Caught Ovgard | Virgin sacrifice yields good fishing in Zion

Published 8:00 am Saturday, August 29, 2020

Suckers prefer pools, so look for deeper water like this if you intend to fish Zion National Park.

VIRGIN, Utah — Alphabetically, Zion National Park is last on the list of our 62 national parks, but it’s certainly not least. According to the National Park Service, “The rivers of Zion National Park retain their full complement of four species of native fish in healthy populations. Such a statement cannot be made for any other comparable river system in the southwest U.S. This rare and desirable condition is only possible because stream flow in the park is essentially natural, with all of the floods, sediment transport and periods of low flow that have always occurred.”

Zion boasts virgin rivers and streams, including the aptly named Virgin River.

Zion

The park named for the kingdom of heaven lives up to the name. Though it’s not my favorite national park, it is certainly one of them. Sweeping canyonlands pitching a dramatic contrast to monoliths and cliffs populated by bighorn sheep lend to the feeling of otherworldliness.
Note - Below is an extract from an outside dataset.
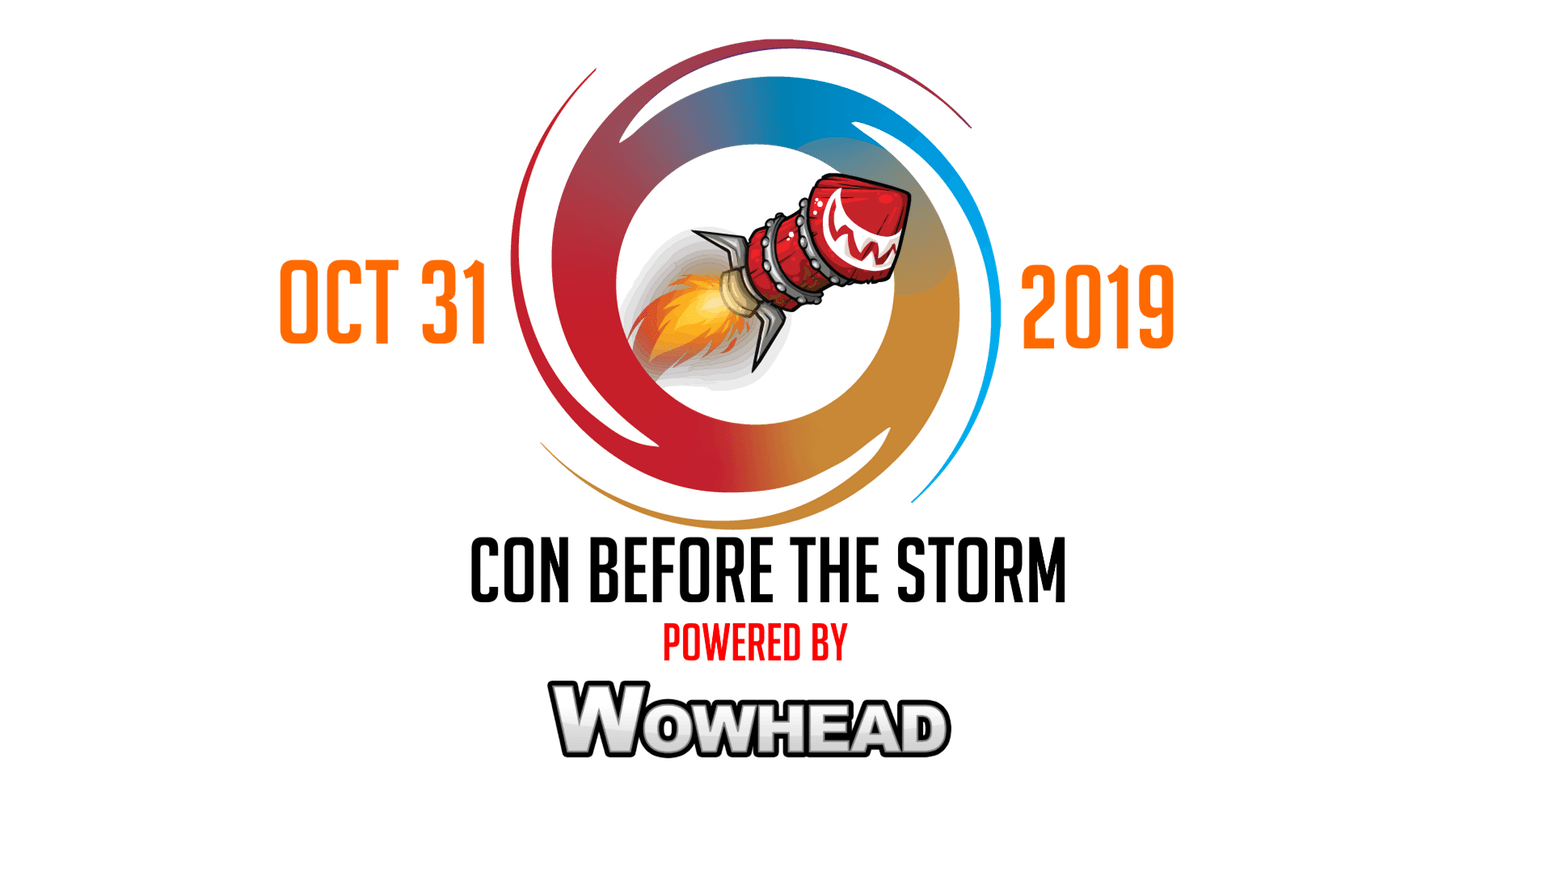 Wowhead.com Logo - Con Before the Storm 2019 Powered by Wowhead by d20crit.com ...

Reds and greens and browns interpose themselves onto the arid landscape, which includes one of the longest tunnels in the United States (currently No. 21). “Scenic” feels like an understatement, and every part of the park is beautiful.

Rock formations, cliffs, roadways, vistas and wildlife aside, perhaps the most famous element of Zion is the riverwalk through what are called “The Narrows.” The intrepid visitor can hike the river for miles, with the “Bottom-Up Hike” running (also hiking, fording and swimming) just over 9 miles round trip or the “Top-Down Hike” spanning about 16.

Admittedly, I only hiked about 2 miles round trip in my ubiquitous flip-flops, but my friends Sergio Cisneros and Karyssa Gomez did the “Bottom-Up Hike” this summer and said it was absolutely incredible.

Someday, I might do one of the more intense hikes up through The Narrows, but this was my second visit, and I was there for one thing and one thing only: fishing.

Another friend, Chris Moore, had directed me to the park to search for desert and flannelmouth suckers. These fishes represent half of the native biomass, joining Virgin spinedace and speckled dace. With no invasive trout, bass, sunfish or catfish in the upper river, these native species thrive. Fishing is allowed in the park, but given the lack of popularity of suckers and dace, I had the river to myself once I got downstream of the hikers.

Within moments, I spotted my quarry — a small school of suckers grazing on a boulder in a deep run. Maybe this was heaven, after all.

Suckers

When fishing for suckers in heavy current, it’s imperative to use enough weight and a short enough leader to keep your bait on or near the bottom. Suckers almost never rise more than 1 or 2 inches in the water column to feed — especially mid-summer. I was using a 1-ounce slip sinker above a swivel with a 4-inch fluorocarbon leader. My No. 12 trout worm hook is ideally suited for suckers and their half-hearted bite tendencies.

My first cast yielded a large Virgin spinedace, still painted with its crimson spawning colors.

I cast about 6 feet in front of the suckers to allow for the current and sink rate to plop my worm right in the face of the bottom feeders. In a miraculous moment, I hooked up.

My second cast for suckers in the dog days of summer? The odds of this are virtually nil, so it made sense when it spit the hook three seconds later.

Over the next three hours, I’d move to the large boulder overlooking the river to try and get a top-down view of the fish. There were dozens of suckers in two distinct groups. The mottled, smaller desert suckers held in a small cluster right in the current while a group of several dozen larger, less colorful fish were tucked in a little eddy off to the side of the channel.

As I sat, barefoot and shirtless on that rock, comfortably baking in the sun after lathering up with Native Tan Coconut sunscreen, I hooked and lost four suckers before landing one. I even pulled two out of the water but failed to grab them quickly enough as they rolled right off my boulder-turned-chair back to the safety of the river.

I got a single speckled dace and maybe a dozen Virgin spinedace, but it wasn’t until I deeply hooked and unintentionally killed a large Virgin spinedace that Zion finally smiled down on me.

My Virgin sacrifice proved enough for me to finally catch an obvious flannelmouth. I took care to snap a quick picture before unhooking it and releasing it back into the clear, cold waters.